„Phishing-Opfer gibt es genug“
ING-DiBa-Sicherheitsexperte über Betrug mit Passwörtern
KURIER: Was kann ich machen, wenn ich Opfer eines PhishingBetrugs geworden bin? Olaf Schwarz: Kontaktieren Sie Ihre Bank. Wir können versuchen, das Geld wieder zu bekommen. Wir haben dann die Chance zu reagieren und können andere Kunden warnen und prüfen, ob es weitere Betroffene gibt. Sie sollten auch eine Anzeige bei der Polizei machen. In welchen Fällen ersetzt die Bank den Schaden?
In den meisten Fällen wird der Schaden ersetzt. Wenn man jedoch Kreditkartendaten samt Sicherheitscodes auf Facebook veröffentlicht hat, kann man nicht damit rechnen, dass die Bank für den Schaden einsteht. Generell wird geprüft, ob der Kunde seine Sorgfaltspf lichten für den Umgang mit dem Zahlungsinstrument eingehalten hat. Dazu gehört es, die personalisierten Sicherheitsmerkmale, wie z.B. PINCodes, vor unbefugten Zugriff zu schützen. Wie viele Fälle gibt es, bei denen tatsächlich Schaden entsteht?
Es zahlt sich für die Kriminellen weiterhin aus. Phishing-Opfer gibt es genug. Der klassische Phishing-Angriff ist relativ einfach. Millionen von eMails zu verschicken, kostet nicht viel. Bankkunden sind ein Spiegelbild der Gesellschaft. Manche kennen sich aus und erkennen Betrugsversuche, andere tun sich schwerer und fallen auf solche eMails herein. Wie kann ich mich schützen?
Es gibt die Klassiker, etwa die Software auf den Geräten aktuell zu halten, auch Antivirenschutz hilft. Software sollte nur von vertrauenswürdigen Quellen bezogen werden. Technik kann aber nur einen Teil leisten. Der Rest?
Man sollte, wie im richtigen Leben auch, ein gewisses Misstrauen an den Tag legen. Ich vergleiche PhishingMails gerne mit einem Menschen, der mit einem T-Shirt mit Bank-Logo in der Fußgängerzone steht und Passanten auffordert, ihm ihre Passwörter zu geben. Das wird nicht funktionieren. Phishing-Mails sind im Prinzip nichts anderes.
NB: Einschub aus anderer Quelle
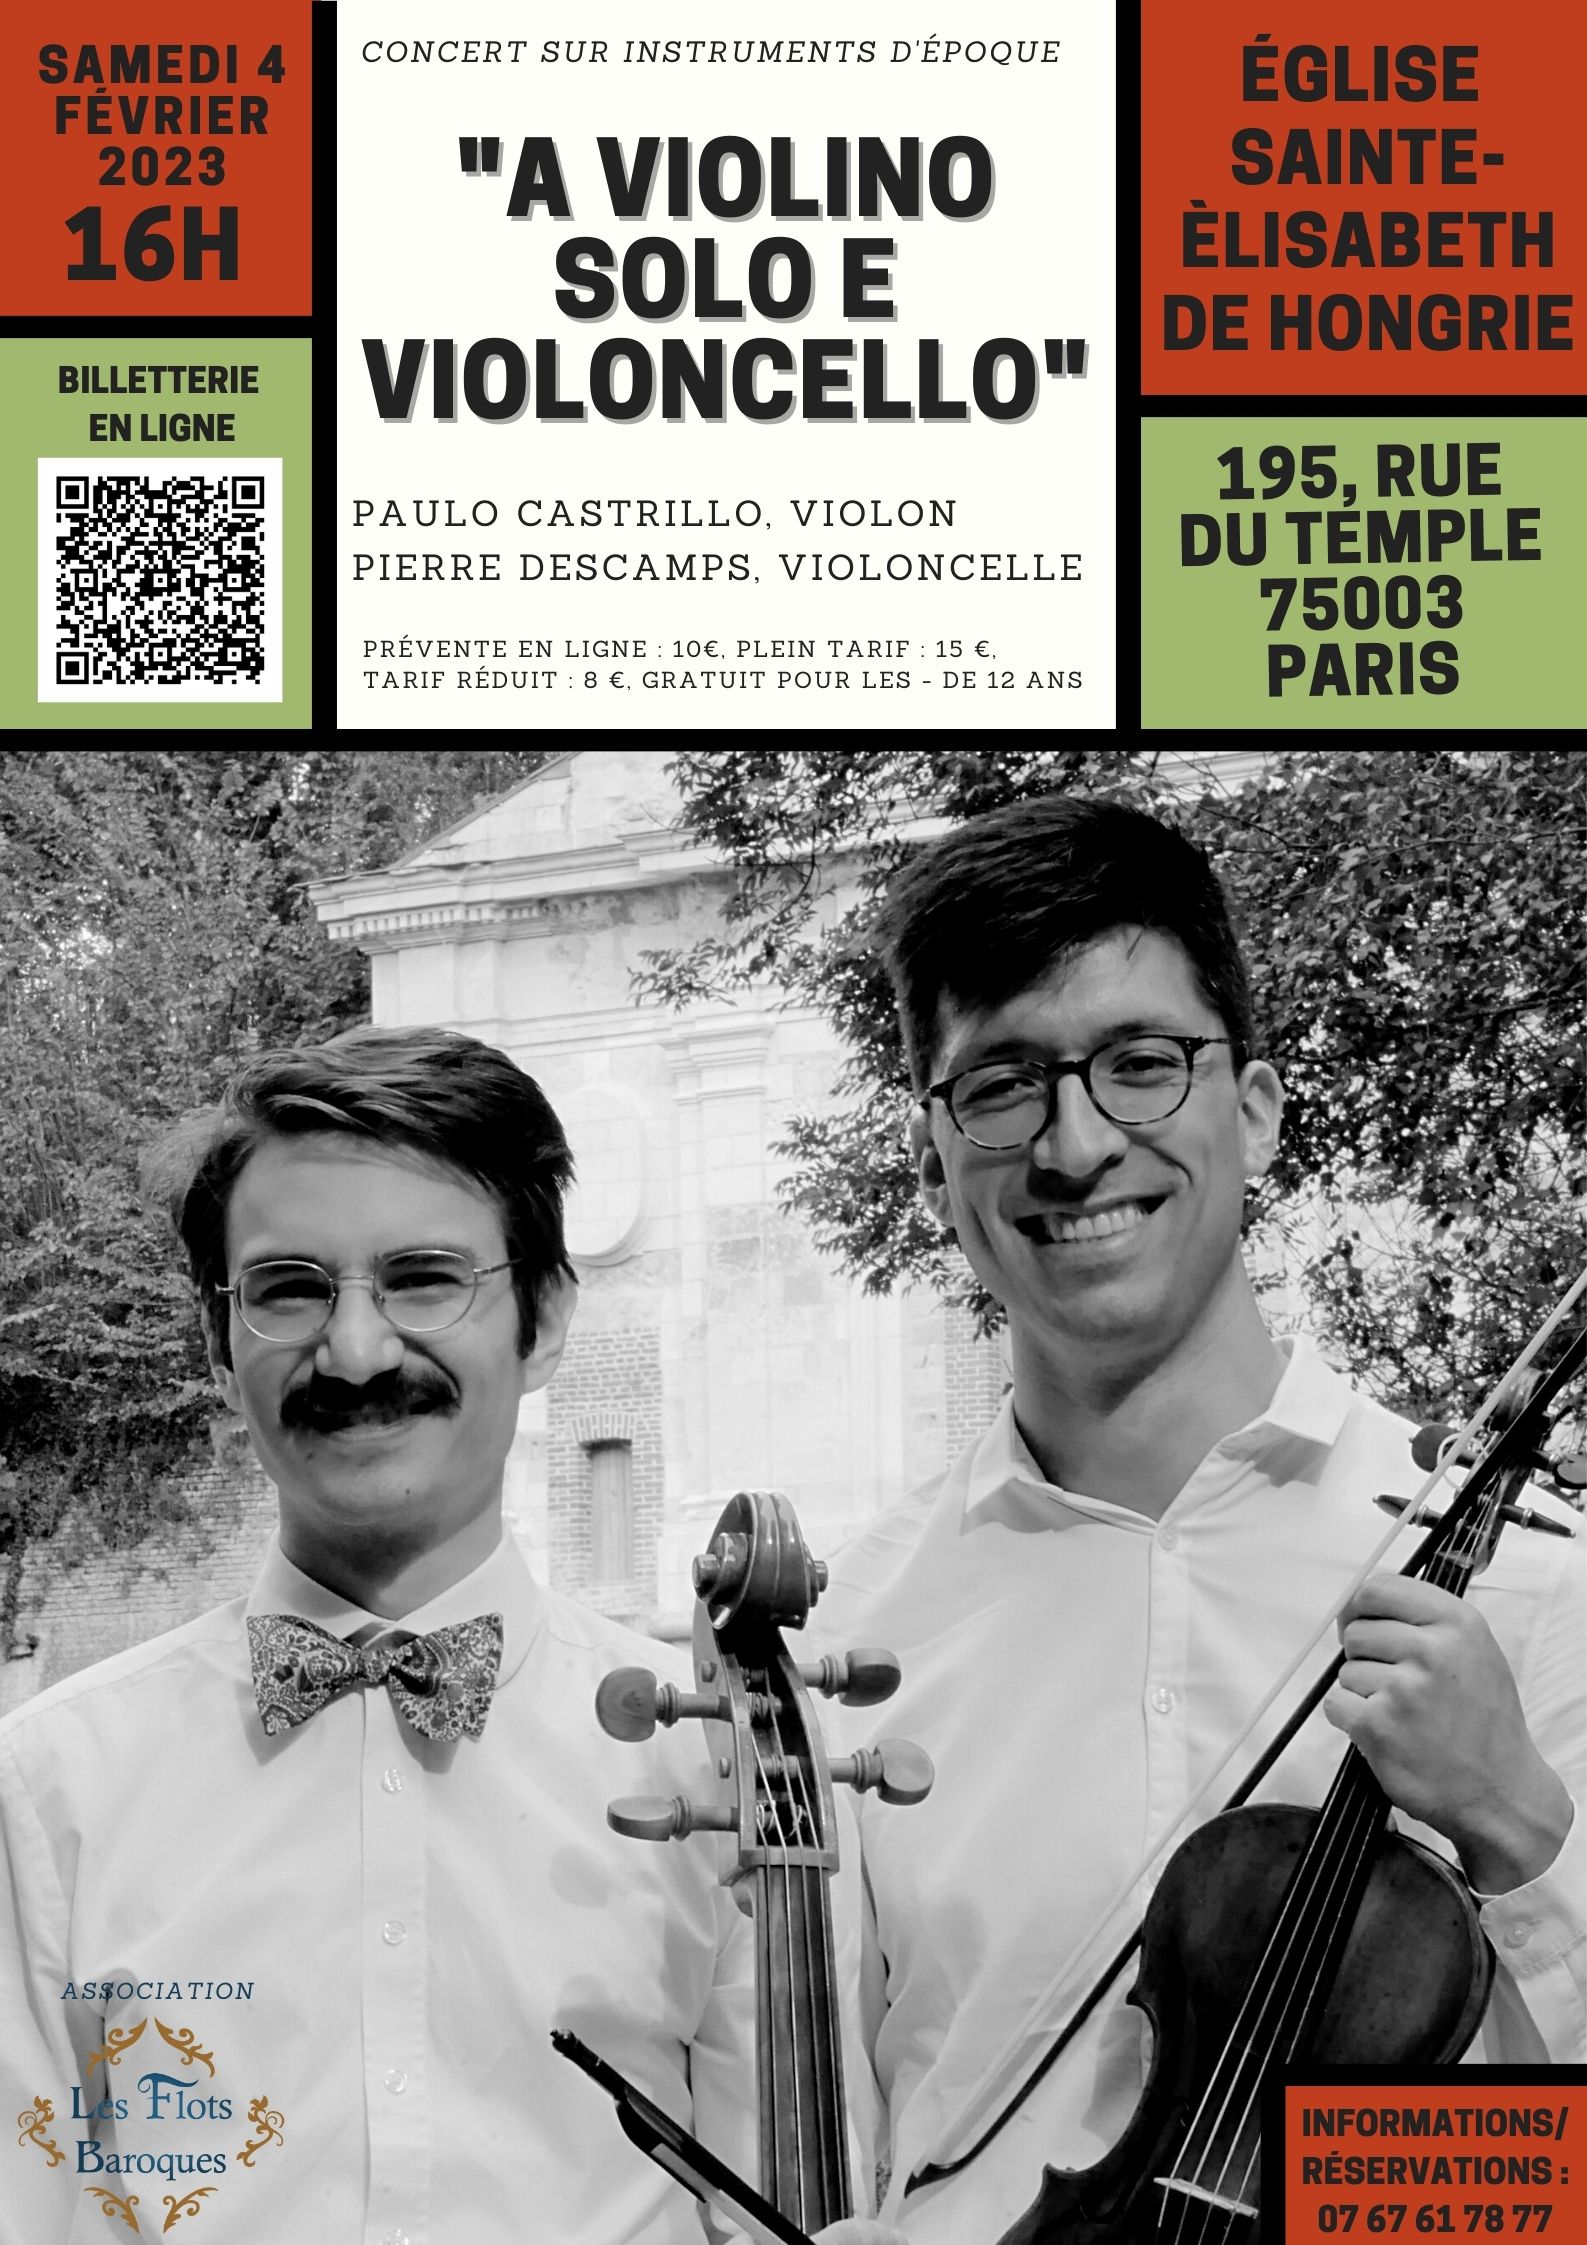 A violino solo e Violoncello 4 février 2023

Phishing-Warnungen von Banken gibt es fast jeden Tag. Werden sie noch gelesen?
Die tausendste Warnung wird ignoriert werden. Die Leute haben gelernt, dass sie auf „OK“klicken müssen, damit eine Dialogbox verschwindet. Wir müssen uns andere Wege überlegen, wie wir sie erreichen können. Zum Beispiel?
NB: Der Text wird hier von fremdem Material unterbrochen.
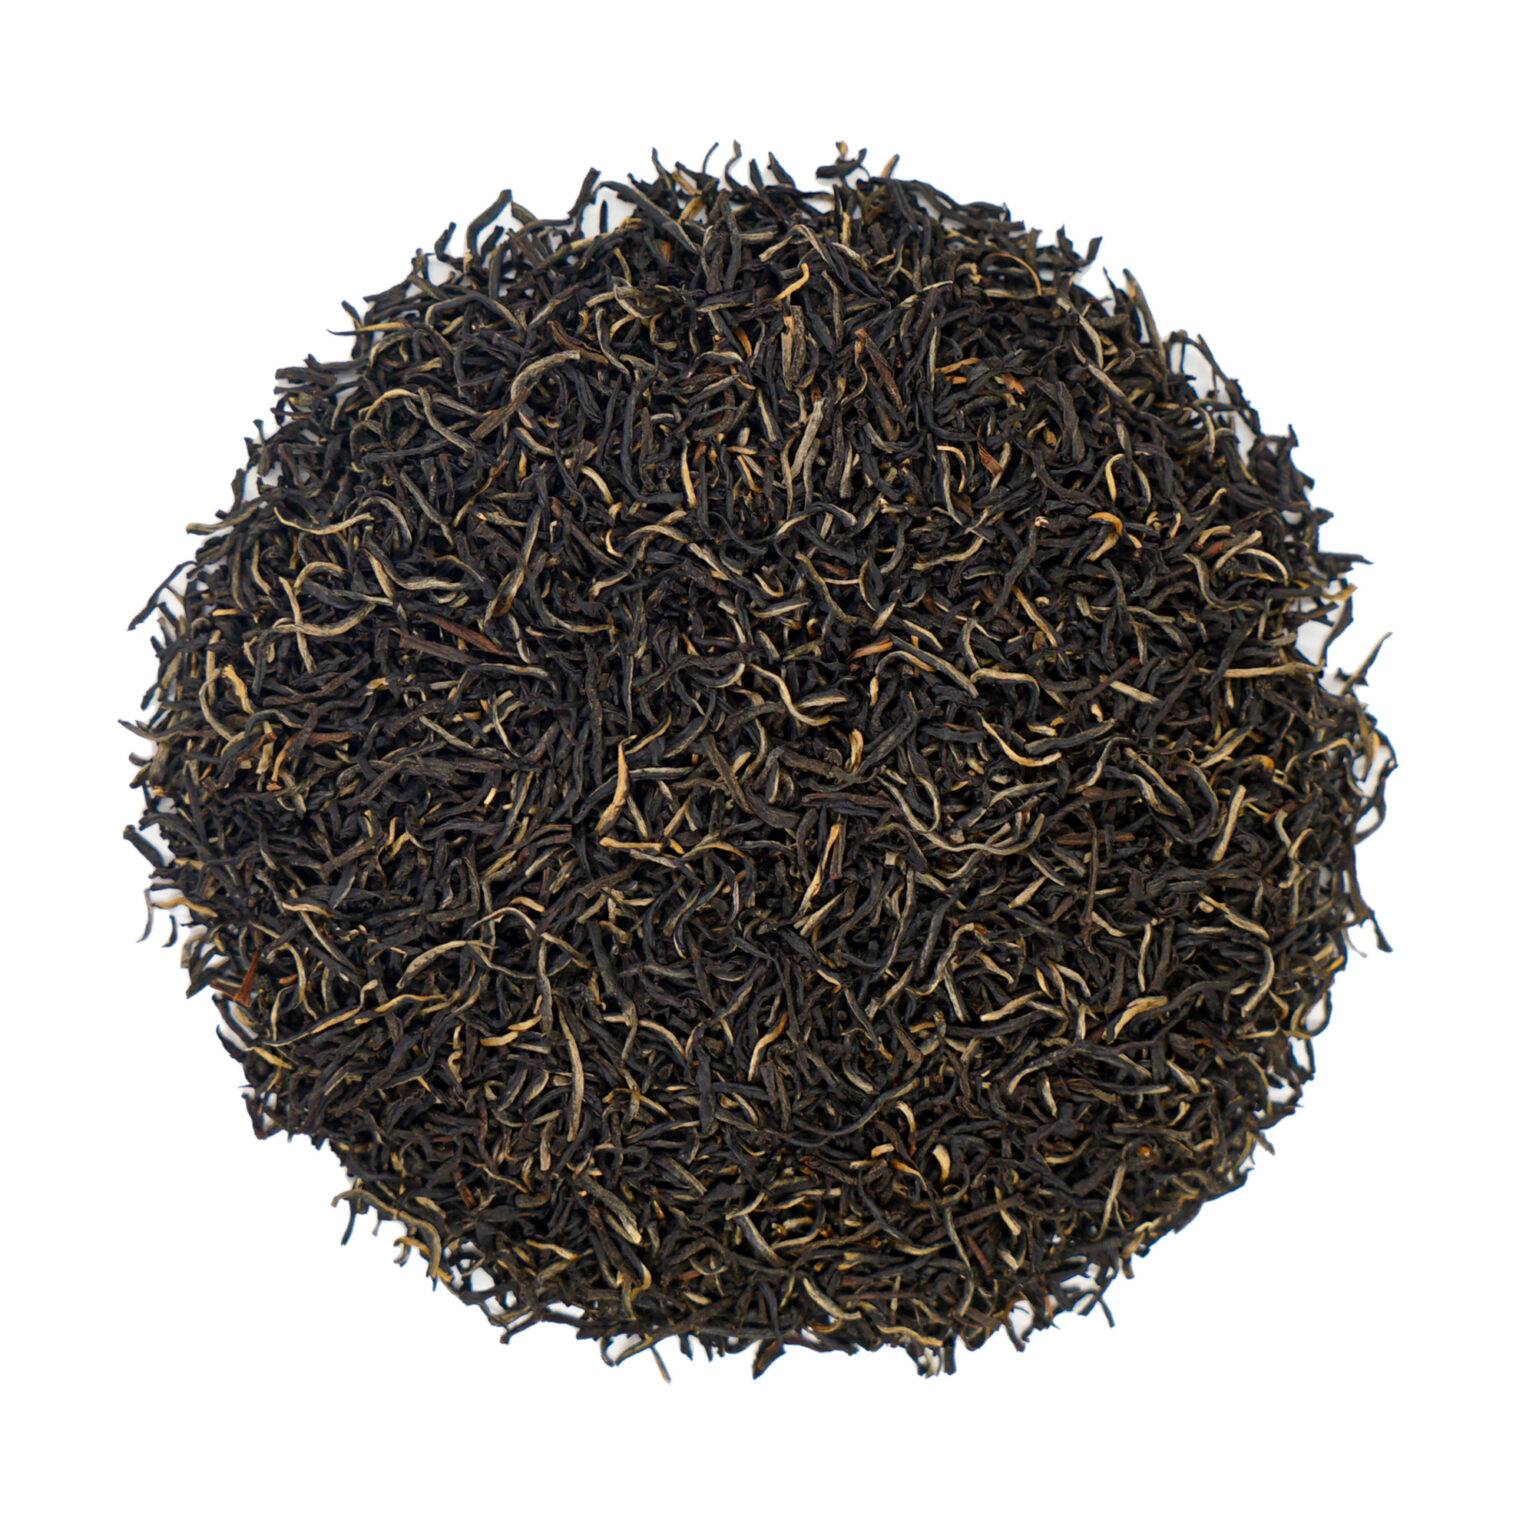 Herbata Ceylon New Vithanakande: Wyjątkowy smak korzenno-miodowy

Indem ich dem Kunden helfe, sich selbst zu helfen. Etwa ihm zu zeigen, wie man einen Passwortmanager benutzt. Im Endeffekt entscheidet der Kunde, was er tut. Wir können ihm nur Ratschläge zur Selbsthilfe geben. Wie werden Konten in Zukunft abgesichert?
Der Trend geht in Richtung Betrugserkennung. Wir wissen, was der Kunde üblicherweise mit seinem Konto macht, wohin er überweist und welchen Computer oder welches Smartphone er dabei verwendet. Auf Basis solcher Informationen können wir einschätzen, wie wahrscheinlich es ist, dass der Kunde eine bestimmte Transaktion selbst getätigt hat. Solche Sicherheitsmaßnahmen sind wesentlich schwieriger anzugreifen, als ein neues Login-Verfahren, bei dem es garantiert eine Schwachstelle gibt.